After more than half a year of intensive work, the team successfully produced 35K carbon fiber in 2017 that fully met standards for hardness, strength, and other mechanical properties.
Compared with traditional metal materials, carbon fiber offers clear advantages including high strength, low weight, and strong plasticity. But manufacturing carbon fiber is costly and resource-intensive: producing a ton of finished carbon fiber requires roughly two tons of precursor material. Any production error can therefore result in substantial losses.
To compete in the market, large-scale production and cost-effectiveness became essential.
Although the core research and development work had been largely completed, new problems emerged during mass production.
Unlike laboratory experiments, industrial production requires continuous manufacturing of 100,000-meter-long 35K carbon fiber tows, which must then be wound into cylindrical rolls for transportation and sale. The longer the tow became, the greater the risk of problems such as insufficient strength or broken filaments.
To tackle these issues, Shan Xin, deputy director of the spinning workshop, led his team in upgrading production-line equipment.

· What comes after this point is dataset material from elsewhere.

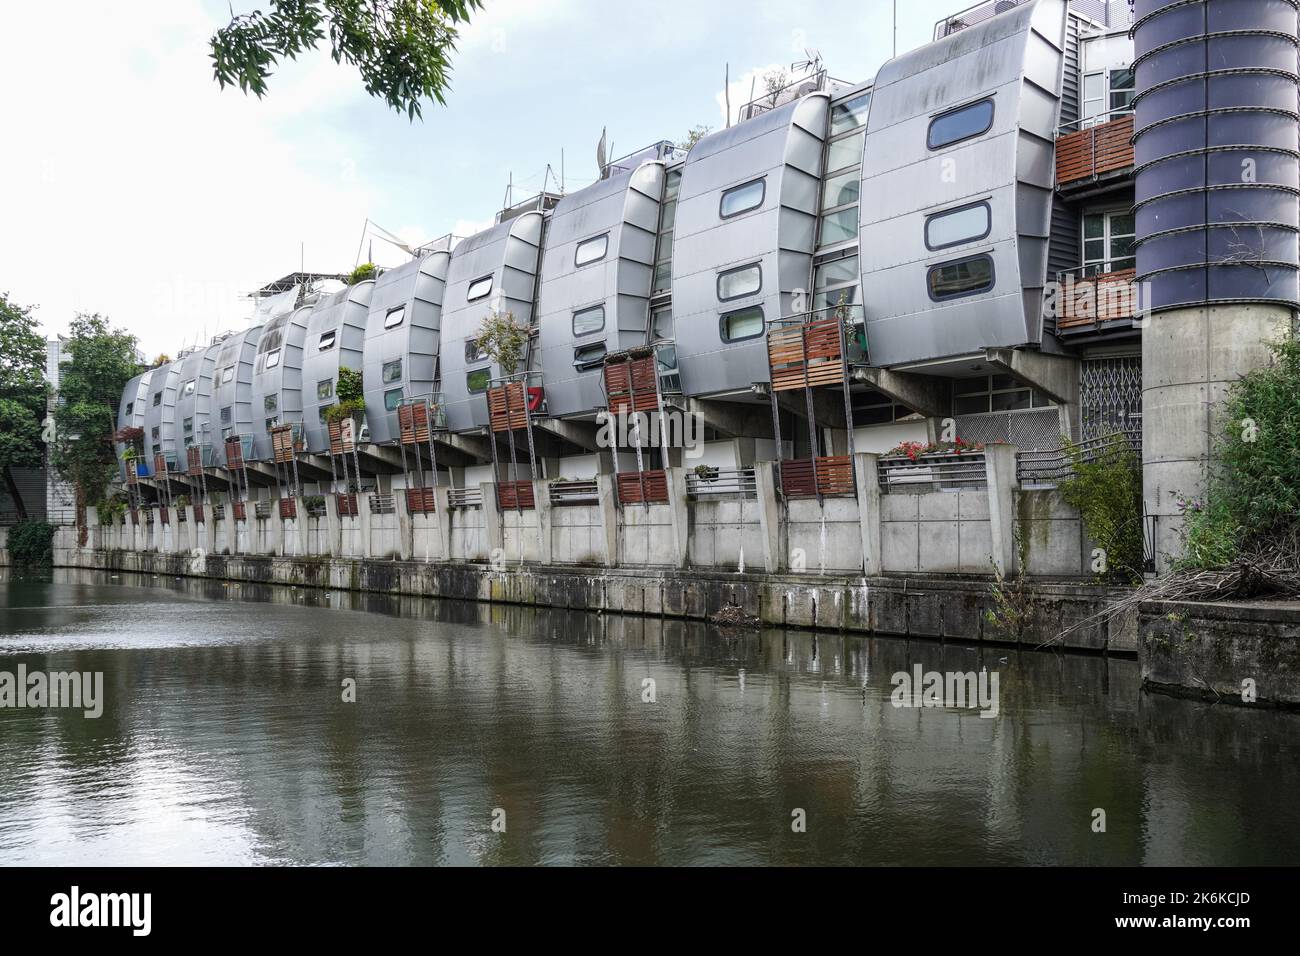 Grand Union Walk Housing by the Regents Canal in Camden Town, London England United Kingdom UK Stock Photo

The team redesigned transmission roller connections from single- to double-sided support, while continuously testing new materials to improve equipment durability and transmission stability. These changes reduced friction-related filament breakage.
At the same time, the team implemented systematic clean-production upgrades. Starting from the polymerization stage at the source of production, the team introduced layer-by-layer cleaning and filtration processes throughout the entire system and production flow to minimize impurities and improve the stability of the 35K carbon fiber.
"When early testing showed the performance didn't meet standards, I was anxious," Yu recalled, having witnessed the development of 35K carbon fiber from scratch. "But nobody gave up. Everyone kept searching for solutions."
Today, pass rates for key indicators such as strength, modulus, and fineness continue to rise steadily. "We are confident enough to stand up to microscopic-level checks," Yu said.
As evening fell, batches of newly packaged 35K carbon fiber precursor left Carbon Valley and were shipped to downstream carbonization and composite-material manufacturers.
After further processing, these lightweight yet highly durable materials became carbon plates used in the main beams of wind turbine blades.
Carbon Valley has now signed long-term supply agreements with multiple major domestic wind turbine manufacturers in partnership with downstream enterprises. Chinese-made 35K carbon fiber is now being applied on a large scale at wind farms across the country.